Christian Medical College, Vellore, Tamil Nadu, India.
All India Institute of Medical Sciences, New Delhi, India.
Am J Trop Med Hyg. 2018 Sep;99(3_Suppl):34-40. doi: 10.4269/ajtmh.18-0139. Epub 2018 Jul 24.
A very high incidence of typhoid was described in studies conducted in urban locations on the Indian subcontinent at the end of the twentieth century. Despite their availability, licensed immunogenic conjugate typhoid vaccines have not been introduced in the national immunization program, in part, because of a lack of understanding of where and for whom prevention is most necessary. Uncertainty regarding the burden of disease is based on the lack of reliable, recent estimates of culture-confirmed typhoid and an observed trend of low isolations of Typhi and fewer complications at large referral hospitals in India. In this article, we examine the trends of Typhi isolation at three large tertiary care centers across India over 15 years and describe trends of recognized risk factors for typhoid from published literature. There appears to be a decline in the isolation of Typhi in blood cultures, which is more apparent in the past 5 years. These trends are temporally related to economic improvement, female literacy, and the use of antibiotics such as cephalosporins and azithromycin. The analysis of trends of culture-confirmed typhoid may not accurately capture the typhoid incidence trends if antibiotic use confounds the burden of disease presenting to larger facilities. Emerging antimicrobial resistance may result in a resurgence of disease if the underlying incidence and transmission of typhoid are not adequately addressed through public health approaches.

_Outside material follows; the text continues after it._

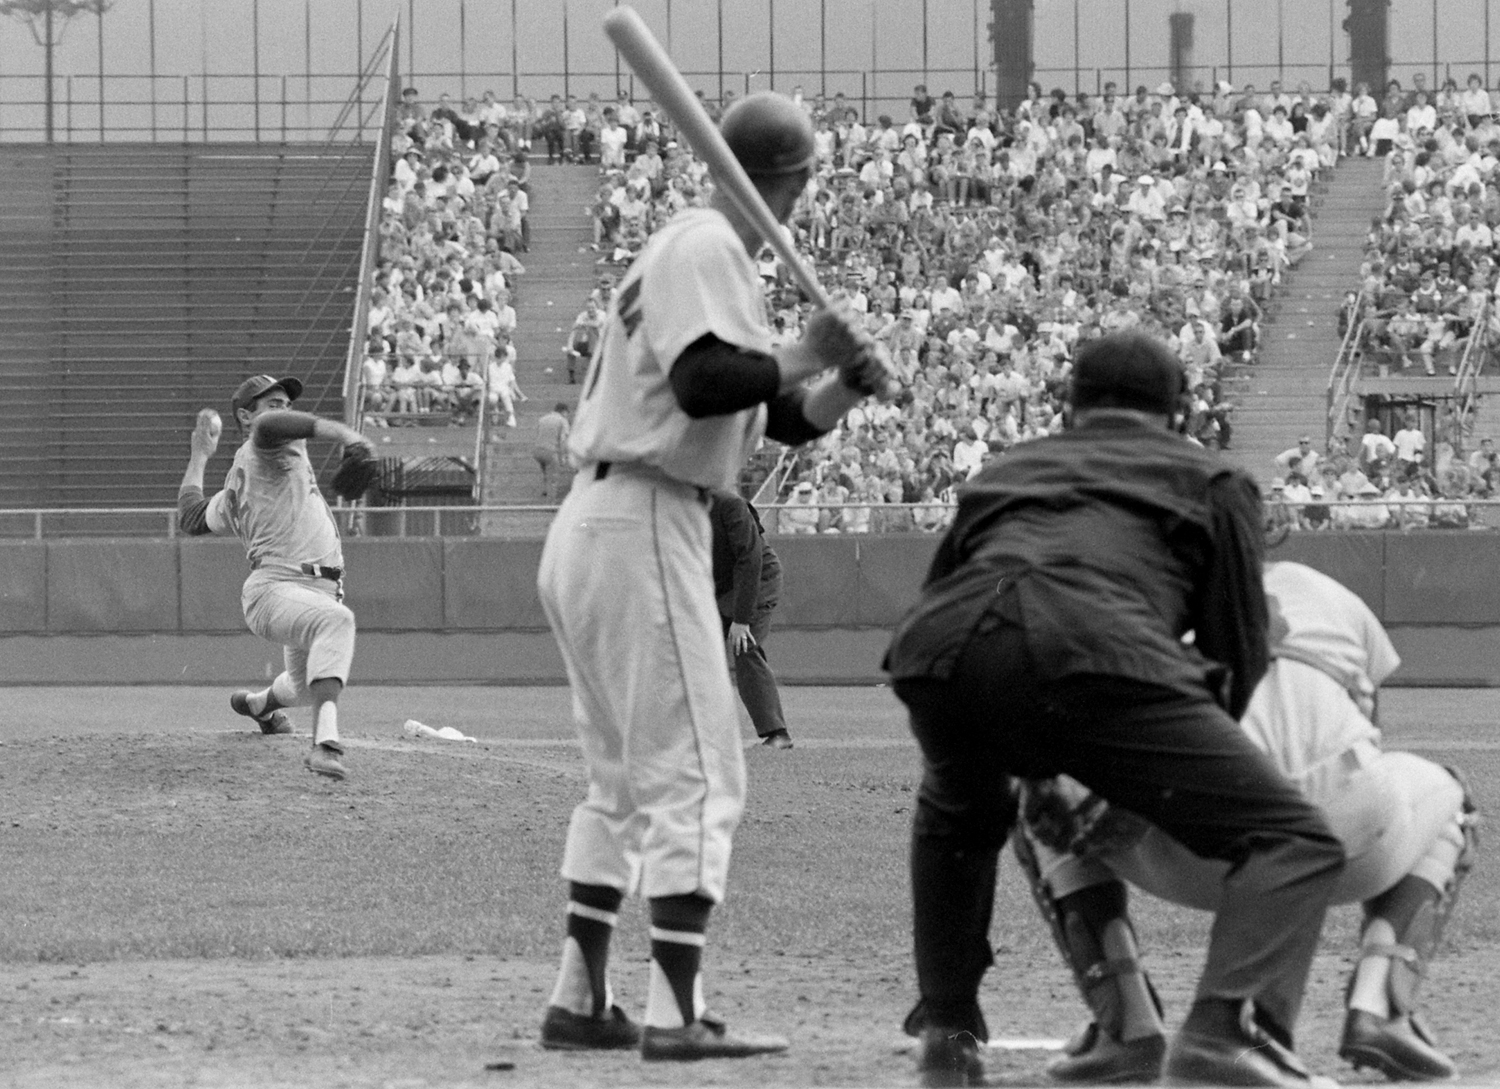 Sandy Koufax pitching, 1963.

在 20 世纪末,在印度次大陆的城市地区进行的研究中描述了伤寒发病率极高。尽管有许可证的免疫原性结合伤寒疫苗可用,但并未纳入国家免疫计划,部分原因是缺乏对预防的必要性和对象的了解。对疾病负担的不确定性是基于缺乏可靠的、最近的培养确认伤寒的估计,以及在印度的大型转诊医院观察到的伤寒发病率低和并发症少的趋势。在本文中,我们研究了印度三家大型三级护理中心 15 年来的伤寒分离趋势,并描述了从已发表文献中得出的伤寒公认危险因素的趋势。血液培养中伤寒的分离似乎呈下降趋势,过去 5 年更为明显。这些趋势与经济改善、女性识字率以及头孢菌素和阿奇霉素等抗生素的使用有关。如果抗生素的使用使向大型医疗机构就诊的疾病负担复杂化,那么对培养确认的伤寒的趋势分析可能无法准确捕捉伤寒发病率的趋势。如果未能通过公共卫生方法充分解决伤寒的潜在发病率和传播,新出现的抗生素耐药性可能导致疾病死灰复燃。